▸ **TASK**
Give again, word for word, every line below from the one that has "Hintergrundbilder : Boot, Straße, Italien, Wasser, Venedig" through the one that has "geassorteerde gesneden fruit", both included, and no others.

▸ **DATA SECTION**
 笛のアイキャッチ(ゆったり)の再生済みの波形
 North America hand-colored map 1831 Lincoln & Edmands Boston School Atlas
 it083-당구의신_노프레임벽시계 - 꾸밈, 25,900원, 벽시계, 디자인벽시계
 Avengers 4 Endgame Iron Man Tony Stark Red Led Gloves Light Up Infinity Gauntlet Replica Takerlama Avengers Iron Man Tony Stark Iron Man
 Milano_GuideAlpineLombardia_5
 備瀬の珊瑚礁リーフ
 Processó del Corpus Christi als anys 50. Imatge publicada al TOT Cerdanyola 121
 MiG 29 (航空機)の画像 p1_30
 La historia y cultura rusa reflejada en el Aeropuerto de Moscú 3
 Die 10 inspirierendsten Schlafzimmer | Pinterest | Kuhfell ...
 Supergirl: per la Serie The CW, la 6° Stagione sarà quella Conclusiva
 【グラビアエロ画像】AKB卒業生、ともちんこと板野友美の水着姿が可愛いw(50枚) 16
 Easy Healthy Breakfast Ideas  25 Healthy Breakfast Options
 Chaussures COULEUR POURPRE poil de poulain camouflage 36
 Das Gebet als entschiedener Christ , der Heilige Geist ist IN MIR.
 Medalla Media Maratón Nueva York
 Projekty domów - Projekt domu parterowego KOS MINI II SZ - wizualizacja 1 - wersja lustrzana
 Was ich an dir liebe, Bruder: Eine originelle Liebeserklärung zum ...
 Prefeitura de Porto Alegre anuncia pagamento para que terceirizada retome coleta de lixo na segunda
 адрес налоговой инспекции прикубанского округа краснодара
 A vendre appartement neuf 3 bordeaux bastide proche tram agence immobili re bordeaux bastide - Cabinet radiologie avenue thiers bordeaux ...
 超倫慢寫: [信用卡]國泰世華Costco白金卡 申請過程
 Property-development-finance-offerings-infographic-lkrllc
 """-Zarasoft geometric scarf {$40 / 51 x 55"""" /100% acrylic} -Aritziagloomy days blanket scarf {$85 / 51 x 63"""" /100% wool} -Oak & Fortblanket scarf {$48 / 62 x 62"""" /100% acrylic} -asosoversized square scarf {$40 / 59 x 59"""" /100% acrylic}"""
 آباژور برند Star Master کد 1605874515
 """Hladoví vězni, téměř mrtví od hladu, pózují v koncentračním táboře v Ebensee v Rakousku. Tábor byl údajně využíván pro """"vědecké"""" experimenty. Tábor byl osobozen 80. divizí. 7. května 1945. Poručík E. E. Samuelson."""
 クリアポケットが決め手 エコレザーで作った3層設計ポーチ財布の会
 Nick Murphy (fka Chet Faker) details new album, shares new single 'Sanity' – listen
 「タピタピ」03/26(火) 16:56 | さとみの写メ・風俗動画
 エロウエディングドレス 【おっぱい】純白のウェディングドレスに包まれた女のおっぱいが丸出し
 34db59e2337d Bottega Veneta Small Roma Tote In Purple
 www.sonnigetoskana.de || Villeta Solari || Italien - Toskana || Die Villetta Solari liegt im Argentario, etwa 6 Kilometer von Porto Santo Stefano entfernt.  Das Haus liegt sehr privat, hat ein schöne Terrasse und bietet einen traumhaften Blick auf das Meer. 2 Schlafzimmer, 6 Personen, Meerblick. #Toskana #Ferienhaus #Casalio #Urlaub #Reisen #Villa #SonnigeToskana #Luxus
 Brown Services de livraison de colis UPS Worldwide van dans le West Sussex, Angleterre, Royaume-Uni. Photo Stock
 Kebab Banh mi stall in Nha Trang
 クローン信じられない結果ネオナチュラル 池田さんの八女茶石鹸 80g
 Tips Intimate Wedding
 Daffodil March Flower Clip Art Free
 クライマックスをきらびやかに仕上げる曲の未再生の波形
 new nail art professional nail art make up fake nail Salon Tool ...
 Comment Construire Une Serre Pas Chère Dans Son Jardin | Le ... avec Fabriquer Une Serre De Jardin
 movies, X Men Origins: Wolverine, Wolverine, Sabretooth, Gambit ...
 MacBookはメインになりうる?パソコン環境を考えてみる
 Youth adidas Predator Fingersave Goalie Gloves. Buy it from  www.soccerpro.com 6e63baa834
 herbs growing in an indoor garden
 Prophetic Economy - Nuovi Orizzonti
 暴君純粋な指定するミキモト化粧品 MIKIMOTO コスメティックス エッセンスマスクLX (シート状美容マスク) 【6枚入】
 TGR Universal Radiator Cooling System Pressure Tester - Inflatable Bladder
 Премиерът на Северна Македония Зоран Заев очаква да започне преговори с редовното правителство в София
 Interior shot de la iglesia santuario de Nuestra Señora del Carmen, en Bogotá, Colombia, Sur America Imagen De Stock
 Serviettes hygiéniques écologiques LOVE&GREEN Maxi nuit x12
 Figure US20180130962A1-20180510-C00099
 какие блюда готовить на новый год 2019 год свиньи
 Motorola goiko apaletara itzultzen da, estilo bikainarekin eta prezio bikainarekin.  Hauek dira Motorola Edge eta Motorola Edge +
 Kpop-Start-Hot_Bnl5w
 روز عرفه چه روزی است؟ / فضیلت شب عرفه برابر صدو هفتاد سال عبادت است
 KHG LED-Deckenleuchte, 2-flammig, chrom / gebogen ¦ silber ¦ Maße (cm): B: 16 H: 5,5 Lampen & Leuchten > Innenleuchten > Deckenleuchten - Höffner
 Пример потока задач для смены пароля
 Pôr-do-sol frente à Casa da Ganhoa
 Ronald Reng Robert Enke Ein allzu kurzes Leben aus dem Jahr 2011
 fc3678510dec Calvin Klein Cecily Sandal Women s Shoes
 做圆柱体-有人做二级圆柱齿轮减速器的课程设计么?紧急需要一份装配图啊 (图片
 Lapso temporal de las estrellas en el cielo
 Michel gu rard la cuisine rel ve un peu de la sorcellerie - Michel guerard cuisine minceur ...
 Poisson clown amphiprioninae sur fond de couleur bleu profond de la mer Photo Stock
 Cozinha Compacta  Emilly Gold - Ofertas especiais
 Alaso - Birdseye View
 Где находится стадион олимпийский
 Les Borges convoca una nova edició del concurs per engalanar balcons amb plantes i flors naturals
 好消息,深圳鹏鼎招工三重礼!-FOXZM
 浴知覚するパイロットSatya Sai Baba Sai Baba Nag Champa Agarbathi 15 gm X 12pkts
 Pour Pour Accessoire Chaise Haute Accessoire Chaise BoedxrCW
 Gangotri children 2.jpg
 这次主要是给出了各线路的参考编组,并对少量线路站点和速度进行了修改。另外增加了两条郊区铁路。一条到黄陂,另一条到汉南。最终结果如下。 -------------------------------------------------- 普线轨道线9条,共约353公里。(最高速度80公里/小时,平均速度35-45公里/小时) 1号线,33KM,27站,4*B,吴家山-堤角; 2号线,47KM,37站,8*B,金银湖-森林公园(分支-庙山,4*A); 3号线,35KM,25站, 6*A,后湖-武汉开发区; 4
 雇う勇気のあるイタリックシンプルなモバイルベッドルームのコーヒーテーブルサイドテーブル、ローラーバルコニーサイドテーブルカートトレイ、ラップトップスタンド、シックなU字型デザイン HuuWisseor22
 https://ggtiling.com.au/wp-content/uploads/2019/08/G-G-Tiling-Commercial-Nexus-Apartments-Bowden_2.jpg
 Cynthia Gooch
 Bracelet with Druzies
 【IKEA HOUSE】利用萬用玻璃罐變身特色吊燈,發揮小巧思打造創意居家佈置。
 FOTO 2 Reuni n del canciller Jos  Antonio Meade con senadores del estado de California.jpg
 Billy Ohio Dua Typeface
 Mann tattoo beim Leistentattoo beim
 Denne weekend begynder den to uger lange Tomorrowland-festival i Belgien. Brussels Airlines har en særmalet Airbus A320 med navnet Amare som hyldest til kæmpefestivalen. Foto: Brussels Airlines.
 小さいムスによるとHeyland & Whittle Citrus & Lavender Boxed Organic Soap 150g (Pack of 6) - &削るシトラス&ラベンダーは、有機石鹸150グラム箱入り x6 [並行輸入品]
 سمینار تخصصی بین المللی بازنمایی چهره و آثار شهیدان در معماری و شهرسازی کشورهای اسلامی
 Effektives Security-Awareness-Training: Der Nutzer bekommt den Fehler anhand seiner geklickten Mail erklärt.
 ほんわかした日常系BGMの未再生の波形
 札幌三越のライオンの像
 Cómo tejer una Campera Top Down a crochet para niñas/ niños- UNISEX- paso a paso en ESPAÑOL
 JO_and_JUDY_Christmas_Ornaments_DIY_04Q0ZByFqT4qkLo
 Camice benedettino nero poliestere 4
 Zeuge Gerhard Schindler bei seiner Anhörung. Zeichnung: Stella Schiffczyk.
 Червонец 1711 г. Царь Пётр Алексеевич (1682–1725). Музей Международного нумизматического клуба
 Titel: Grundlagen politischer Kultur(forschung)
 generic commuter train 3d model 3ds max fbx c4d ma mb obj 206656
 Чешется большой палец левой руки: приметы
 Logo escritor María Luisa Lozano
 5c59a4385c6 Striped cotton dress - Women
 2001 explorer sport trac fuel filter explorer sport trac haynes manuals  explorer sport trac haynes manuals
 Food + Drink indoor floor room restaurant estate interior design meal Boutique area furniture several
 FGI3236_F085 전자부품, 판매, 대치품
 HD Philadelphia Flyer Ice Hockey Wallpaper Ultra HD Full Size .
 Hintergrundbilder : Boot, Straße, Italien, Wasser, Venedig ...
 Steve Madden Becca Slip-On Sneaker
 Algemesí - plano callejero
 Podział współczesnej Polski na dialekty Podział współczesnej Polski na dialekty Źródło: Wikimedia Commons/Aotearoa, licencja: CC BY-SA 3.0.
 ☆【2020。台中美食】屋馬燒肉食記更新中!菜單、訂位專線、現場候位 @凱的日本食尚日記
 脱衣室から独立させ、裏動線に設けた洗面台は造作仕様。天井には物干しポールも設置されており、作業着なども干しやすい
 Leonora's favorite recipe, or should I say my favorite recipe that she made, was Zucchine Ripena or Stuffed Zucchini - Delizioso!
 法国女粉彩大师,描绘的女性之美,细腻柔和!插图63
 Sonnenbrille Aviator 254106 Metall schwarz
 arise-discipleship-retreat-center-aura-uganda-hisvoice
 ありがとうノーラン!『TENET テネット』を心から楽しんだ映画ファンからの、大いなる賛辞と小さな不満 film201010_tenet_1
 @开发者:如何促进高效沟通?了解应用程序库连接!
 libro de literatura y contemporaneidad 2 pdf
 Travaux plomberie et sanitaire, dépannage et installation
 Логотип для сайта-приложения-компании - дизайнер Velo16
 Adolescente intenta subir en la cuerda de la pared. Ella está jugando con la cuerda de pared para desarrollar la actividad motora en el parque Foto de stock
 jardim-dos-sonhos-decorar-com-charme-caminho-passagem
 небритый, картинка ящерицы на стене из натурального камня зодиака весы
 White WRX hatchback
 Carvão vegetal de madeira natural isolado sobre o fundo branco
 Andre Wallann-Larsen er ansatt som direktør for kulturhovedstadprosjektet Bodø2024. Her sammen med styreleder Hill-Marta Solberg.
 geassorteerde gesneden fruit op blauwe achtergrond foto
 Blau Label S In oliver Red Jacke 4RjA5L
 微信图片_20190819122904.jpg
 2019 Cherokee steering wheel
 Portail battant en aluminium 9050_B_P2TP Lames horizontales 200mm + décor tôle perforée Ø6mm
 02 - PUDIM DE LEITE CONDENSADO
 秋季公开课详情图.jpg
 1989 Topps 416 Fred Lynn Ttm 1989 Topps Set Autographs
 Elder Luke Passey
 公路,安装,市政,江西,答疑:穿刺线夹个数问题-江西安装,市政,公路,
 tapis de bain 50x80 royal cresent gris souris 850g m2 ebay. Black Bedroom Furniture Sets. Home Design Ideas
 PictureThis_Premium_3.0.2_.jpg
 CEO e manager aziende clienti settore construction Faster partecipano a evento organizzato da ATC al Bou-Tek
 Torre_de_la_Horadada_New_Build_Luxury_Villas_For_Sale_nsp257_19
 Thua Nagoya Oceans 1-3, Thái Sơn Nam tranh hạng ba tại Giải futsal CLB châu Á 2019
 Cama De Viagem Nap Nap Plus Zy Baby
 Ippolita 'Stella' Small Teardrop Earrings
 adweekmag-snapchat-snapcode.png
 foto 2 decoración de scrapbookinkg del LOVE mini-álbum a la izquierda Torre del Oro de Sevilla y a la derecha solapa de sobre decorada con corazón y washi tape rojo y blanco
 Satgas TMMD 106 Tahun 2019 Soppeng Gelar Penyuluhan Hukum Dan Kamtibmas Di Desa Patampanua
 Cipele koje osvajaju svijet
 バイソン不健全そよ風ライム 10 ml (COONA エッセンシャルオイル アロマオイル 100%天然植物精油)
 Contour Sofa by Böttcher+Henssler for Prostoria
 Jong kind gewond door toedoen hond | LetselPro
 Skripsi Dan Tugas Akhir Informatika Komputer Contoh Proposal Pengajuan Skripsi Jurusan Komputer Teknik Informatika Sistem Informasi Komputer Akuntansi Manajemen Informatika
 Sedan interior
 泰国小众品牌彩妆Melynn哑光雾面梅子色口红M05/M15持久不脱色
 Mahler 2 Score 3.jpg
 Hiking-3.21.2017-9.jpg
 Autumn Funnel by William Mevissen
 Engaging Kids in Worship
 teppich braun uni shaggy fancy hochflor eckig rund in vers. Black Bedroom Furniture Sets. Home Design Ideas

▸ **RESULT OF THE TASK**
 Hintergrundbilder : Boot, Straße, Italien, Wasser, Venedig ...
 Steve Madden Becca Slip-On Sneaker
 Algemesí - plano callejero
 Podział współczesnej Polski na dialekty Podział współczesnej Polski na dialekty Źródło: Wikimedia Commons/Aotearoa, licencja: CC BY-SA 3.0.
 ☆【2020。台中美食】屋馬燒肉食記更新中!菜單、訂位專線、現場候位 @凱的日本食尚日記
 脱衣室から独立させ、裏動線に設けた洗面台は造作仕様。天井には物干しポールも設置されており、作業着なども干しやすい
 Leonora's favorite recipe, or should I say my favorite recipe that she made, was Zucchine Ripena or Stuffed Zucchini - Delizioso!
 法国女粉彩大师,描绘的女性之美,细腻柔和!插图63
 Sonnenbrille Aviator 254106 Metall schwarz
 arise-discipleship-retreat-center-aura-uganda-hisvoice
 ありがとうノーラン!『TENET テネット』を心から楽しんだ映画ファンからの、大いなる賛辞と小さな不満 film201010_tenet_1
 @开发者:如何促进高效沟通?了解应用程序库连接!
 libro de literatura y contemporaneidad 2 pdf
 Travaux plomberie et sanitaire, dépannage et installation
 Логотип для сайта-приложения-компании - дизайнер Velo16
 Adolescente intenta subir en la cuerda de la pared. Ella está jugando con la cuerda de pared para desarrollar la actividad motora en el parque Foto de stock
 jardim-dos-sonhos-decorar-com-charme-caminho-passagem
 небритый, картинка ящерицы на стене из натурального камня зодиака весы
 White WRX hatchback
 Carvão vegetal de madeira natural isolado sobre o fundo branco
 Andre Wallann-Larsen er ansatt som direktør for kulturhovedstadprosjektet Bodø2024. Her sammen med styreleder Hill-Marta Solberg.
 geassorteerde gesneden fruit op blauwe achtergrond foto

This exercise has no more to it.